Acogida en las iglesias
protestantes
La
historia del pentecostalismo en los años que siguieron se hizo
turbulenta. Hubo entre ellos y con las demás iglesias nuevas divisiones
y enconadas luchas y disputas teológicas. Cayeron en un gran
desprestigio. Durante cincuenta años se sumieron en una semioscuridad y
dejaron, por tanto, de ser un peligro digno de ser tomado en cuenta.
Todo el mundo creía que el ciclo pentecostal había llegado a su fin.

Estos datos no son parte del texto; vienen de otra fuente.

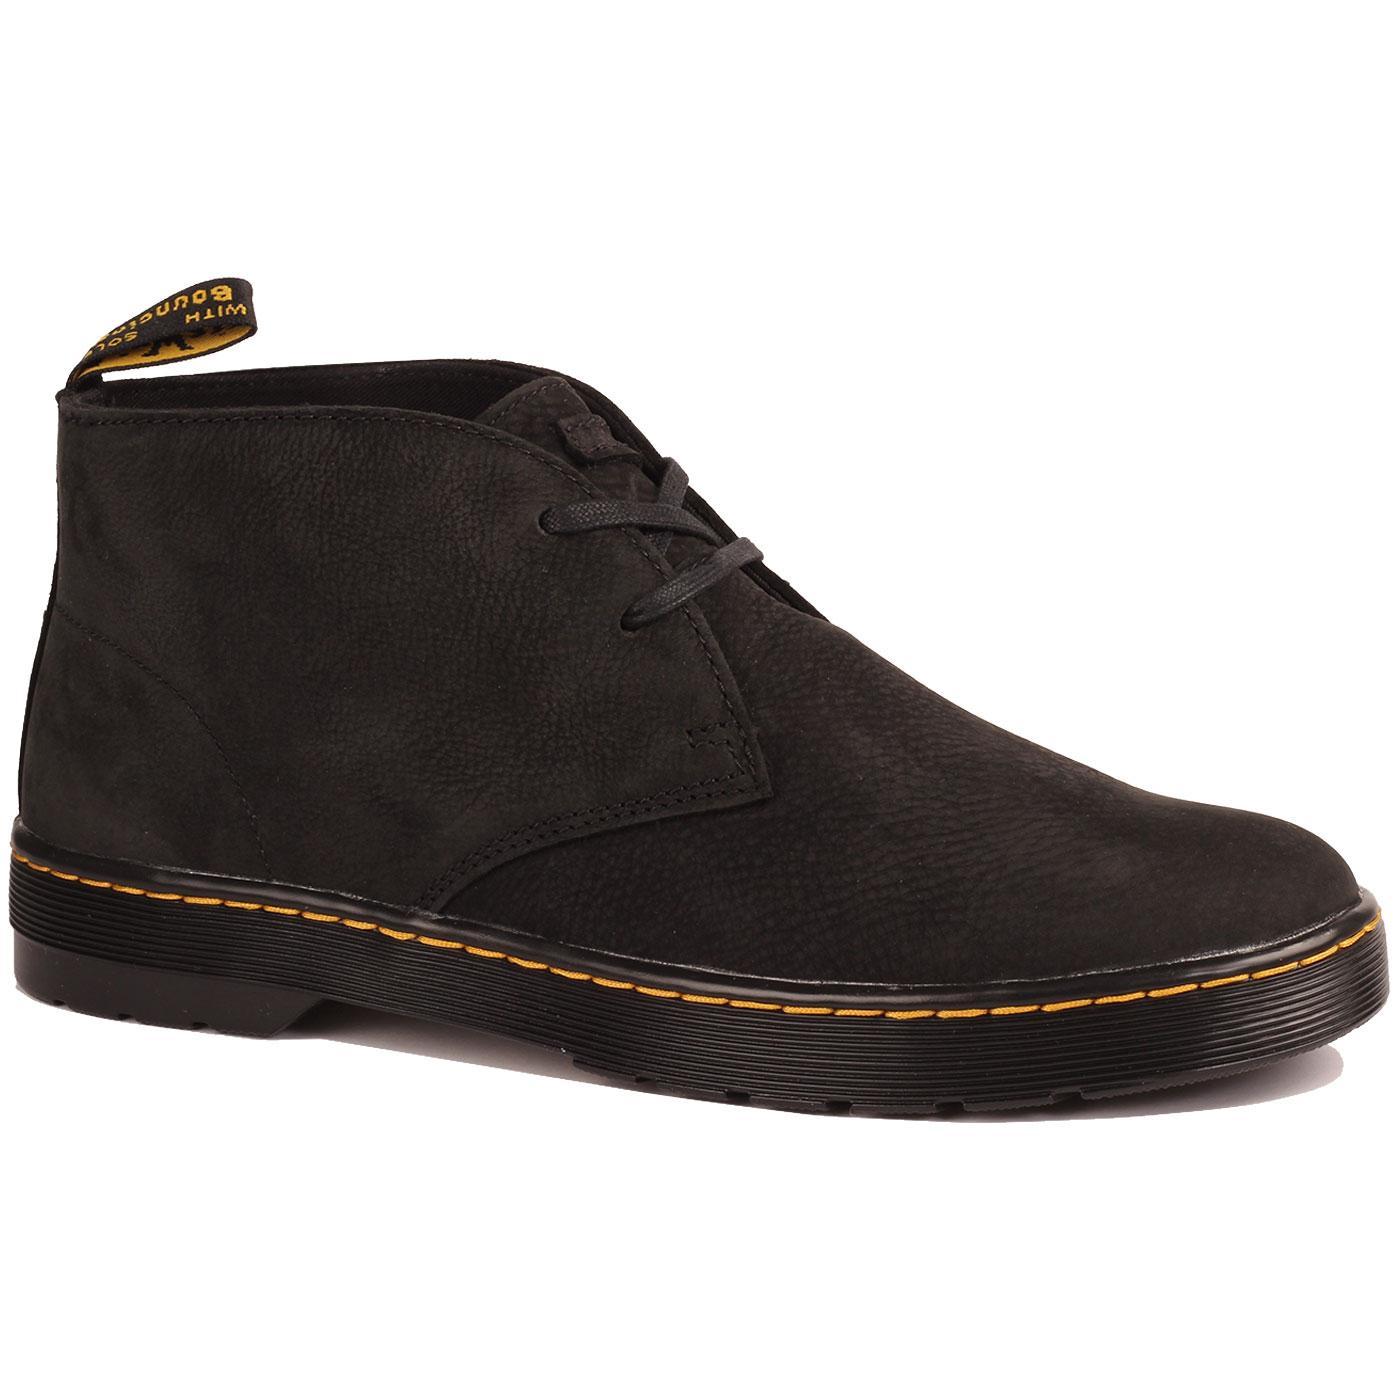 Cabrillo DR MARTENS Milled Nubuck Desert Boots

Daba la impresión de que aquella semilla que tan pujante brotó en el
grupo de jóvenes de Parham se había agotado para siempre. La novedad de
la irrupción pentecostal fue imposible de asumir en un principio.Podemos
mencionar varios factores de discrepancia, entre otros muchos.
Para
los primeros pentecostales, siempre hubo dos cosas innegociables: el
bautismo en el Espíritu y el don de lenguas. La semilla pentecostal
pareció, en cierto momento, que podía desaparecer. Pero no fue así. Al
contrario.
Durante estos cincuenta años de oscuridad y silencio
fue madurando y, a pesar de la injuria y el escándalo de los hombres,
hacia los años 60 sus rebrotes se hicieron de nuevo incontrolables. Y
ahora no era ya momento de excomuniones, sino que las iglesias no
pudieron eludir el hacer un nuevo discernimiento. Pero ya habían
cambiado muchas cosas en esas iglesias; el mundo también era otro.
La
rigidez puritana de principios de siglo se había disuelto como un
azucarillo. Dos cruentas guerras mundiales habían relativizado muchas
cosas; y una filosofía nueva, personalista y vivencial había abierto la
posibilidad de un mundo de experiencias nuevas. A pesar de los
conflictos mencionados, las iglesias tuvieron que enfrentarse al hecho
de que muchos de sus fieles iban siendo tocados por la experiencia
carismática. Aún más: bastantes pastores participaban en grupos de
oración y habían experimentado igualmente un cambio profundo en sus
vidas.
Por
ello, aunque aún no se hayan apagado las disputas ni se hayan eliminado
totalmente las incomprensiones, las iglesias llamadas "históricas" han
dado su aprobación a la espiritualidad pentecostal.
En la
Iglesia Episcopaliana fue a partir de 1958; la Luterana USA en 1962; la
Presbiteriana también en el 62; y lo mismo ha sucedido en algunas
comunidades ortodoxas.
Desde
este momento se empieza a descubrir la parte positiva de toda esta
movida espiritual. Ahora es valorada la capacidad evangelizadora de la
nueva corriente espiritual. Su novedad y frescura de cara a los jóvenes
y alejados; la vitalidad en los cultos y celebraciones; la
revalorización de la oración y lo sobrenatural en un mundo materialista
y práctico; y, de una manera especial, la capacidad ecuménica de este
nuevo movimiento. Fieles de todas las confesiones participan juntos en
grupos de oración: ¿No será que el Espíritu Santo quiere construir la
unidad desde las bases, desde el pueblo?.
En la Iglesia
Católica
Dados
estos antecedentes, no es de admirar que este movimiento espiritual
apareciera inevitablemente en la Iglesia Católica. Sin embargo, cuando
esto tuvo lugar, causó una sorpresa casi general. Siempre había existido
una profunda hostilidad hacia el Catolicismo por parte de las Iglesias
Pentecostales, el cual, según ellas, era la suma y compendio del
formalismo y organización aniquiladores del Espíritu. Por otra parte, la
mayoría de los católicos nunca habían tomado en serio a los
pentecostales por su aparente emotividad y fanatismo.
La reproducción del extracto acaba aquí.